Vora explained that the new numbers should help brands optimize their Facebook messaging strategy. “They can see how well the posts are performing,” she said. “They can see what works vs. what doesn’t.”
Baser said his team is far from done tweaking and improving the depth of Page Insights. “We are going to have cooler features for marketers in the not so distant future.”
Facebook consulted with Context Optional, Webtrends, and Wildfire to improve Page Insights. Those companies and their competitors will be able to customize metrics for their clients on the Page Insights API.

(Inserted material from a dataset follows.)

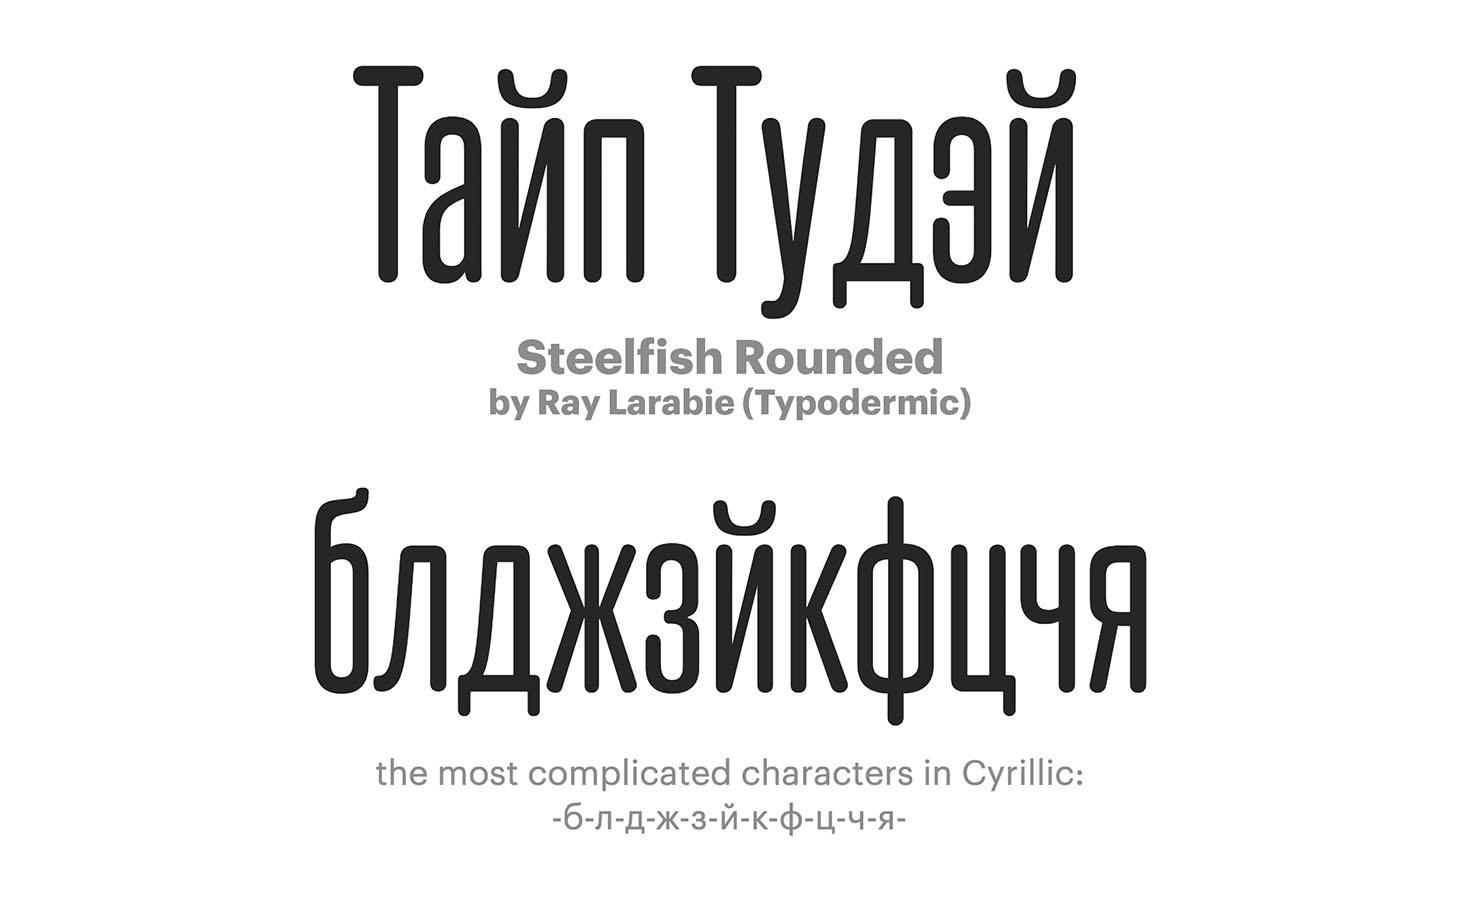 Steelfish-Rounded
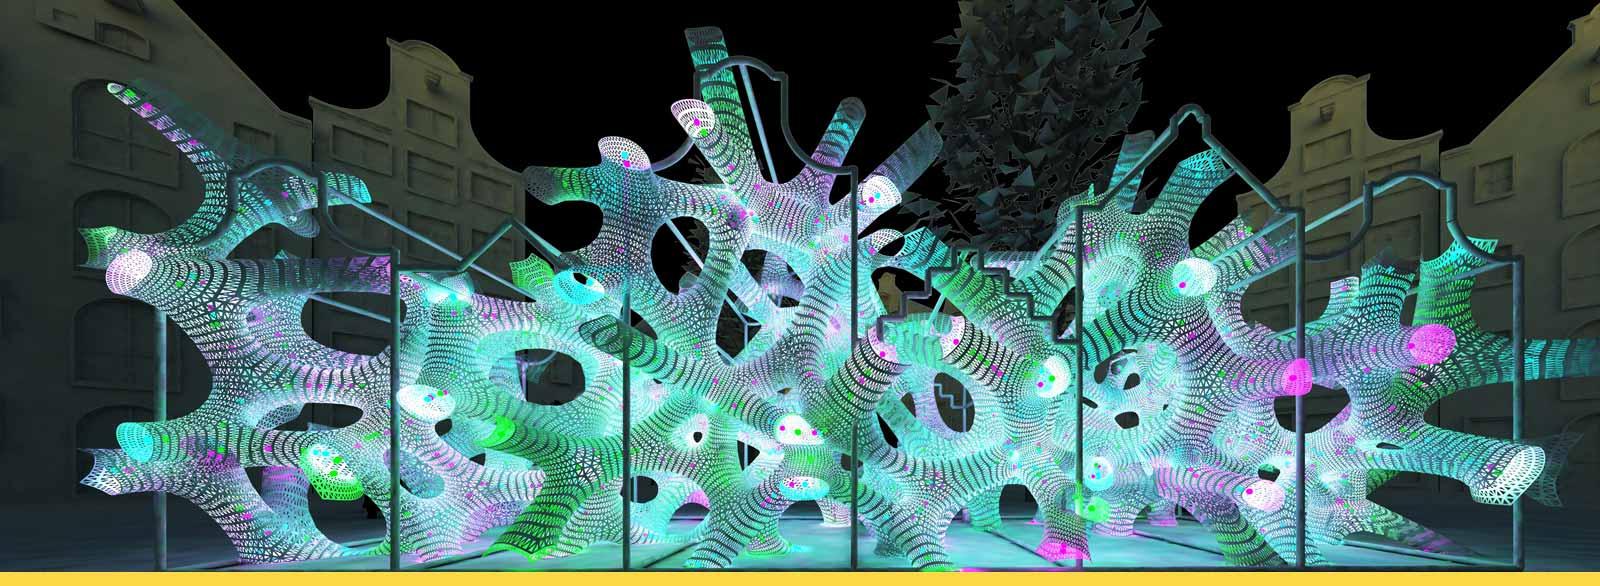 amsterdam light festival rhizome house

“We’re moving away from the era of ‘likes,'” said Craig Stoe, Context Optional VP of product. “We’re now measuring what people discuss on Facebook and a brand’s total reach.”
The enhanced Page Insights product will be rolled out globally in the coming weeks. For now, it’s only available in English.
New Premium Ads Dive Deeper Into Social Context
Today, Facebook is also debuting its “Premium Ad Product” (see image) that’s designed to promote page posts. Content from a brand’s page sits at the top of the unit. The ads should intrigue marketers who have had success with the Sponsored Stories units, which launched in January.
Here’s how they work: A brand posts a message or a video to its Facebook page. Then it decides to promote that particular post in the form of this ad. If one of a Facebook user’s friends is already a fan/liker of that advertiser’s page, the ad unit automatically expands to show that the user’s friend has fanned/liked that brand.
Unlike Sponsored Stories, which can be purchased on Facebook’s self-service system, the new ads must be obtained through the social site’s direct sales team.
Facebook has offered ads with social context since 2008, when it debuted what were called “Engagement Ads.” Part of the social site’s premium ads portfolio, the ads allowed viewers to see social context – such as their friends “liking” a page or RVSPing an event – in the ad.